### Extracted records
++++

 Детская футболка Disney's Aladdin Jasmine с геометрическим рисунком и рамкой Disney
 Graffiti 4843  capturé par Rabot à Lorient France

++++

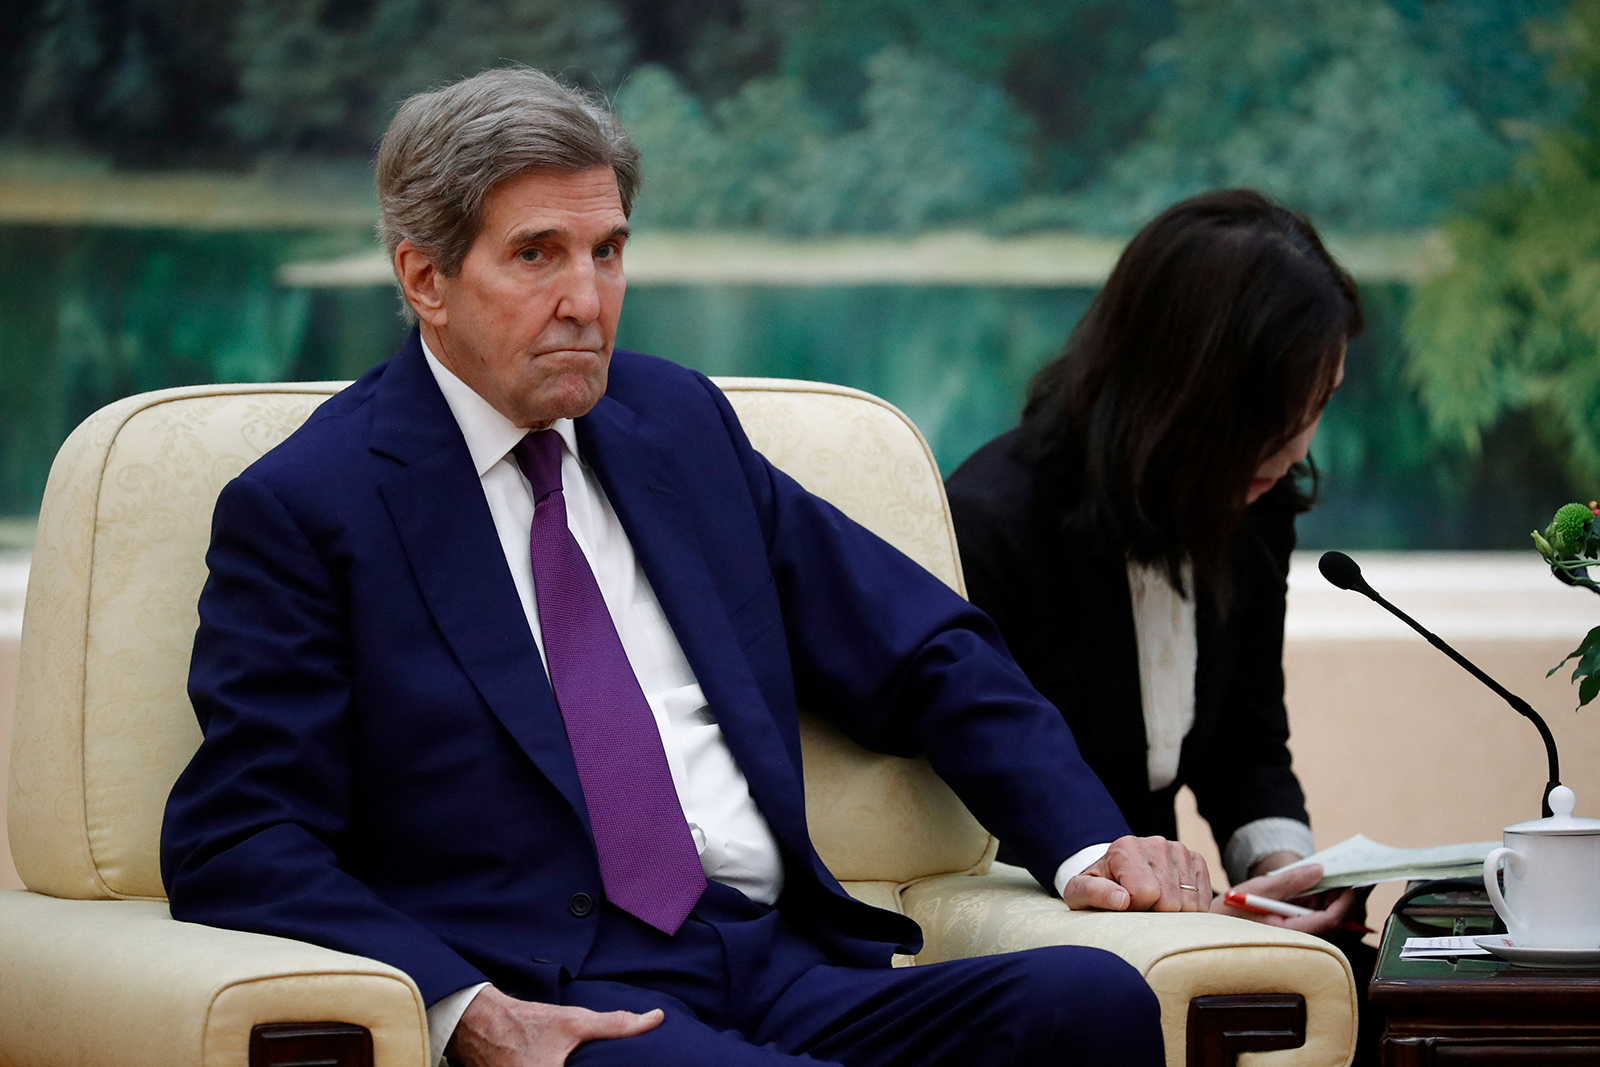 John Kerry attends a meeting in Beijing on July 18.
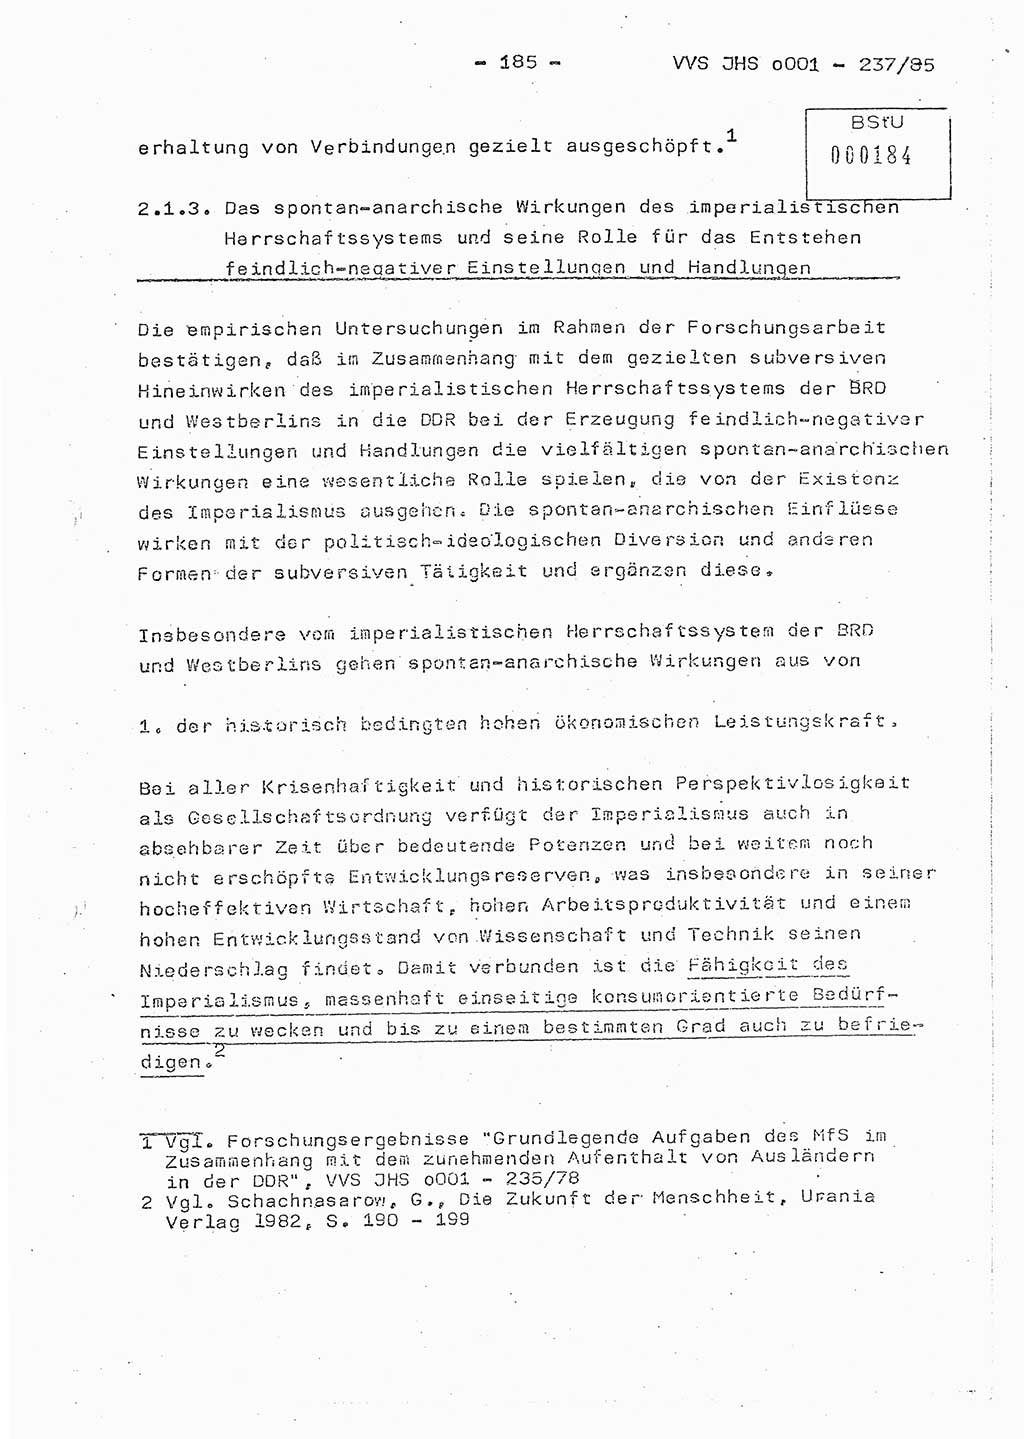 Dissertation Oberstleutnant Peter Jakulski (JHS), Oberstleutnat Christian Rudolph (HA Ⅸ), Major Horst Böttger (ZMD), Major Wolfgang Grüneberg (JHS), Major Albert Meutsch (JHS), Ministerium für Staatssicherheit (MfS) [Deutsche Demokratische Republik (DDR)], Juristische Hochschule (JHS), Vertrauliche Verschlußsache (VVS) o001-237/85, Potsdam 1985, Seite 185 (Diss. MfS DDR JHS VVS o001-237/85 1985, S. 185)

++++

For the material above, reproduce exactly the lines from the line with "Детская футболка Disney's" to the line with "à Lorient France", inclusive, and exclude all others.

 Детская футболка Disney's Aladdin Jasmine с геометрическим рисунком и рамкой Disney
 Graffiti 4843  capturé par Rabot à Lorient France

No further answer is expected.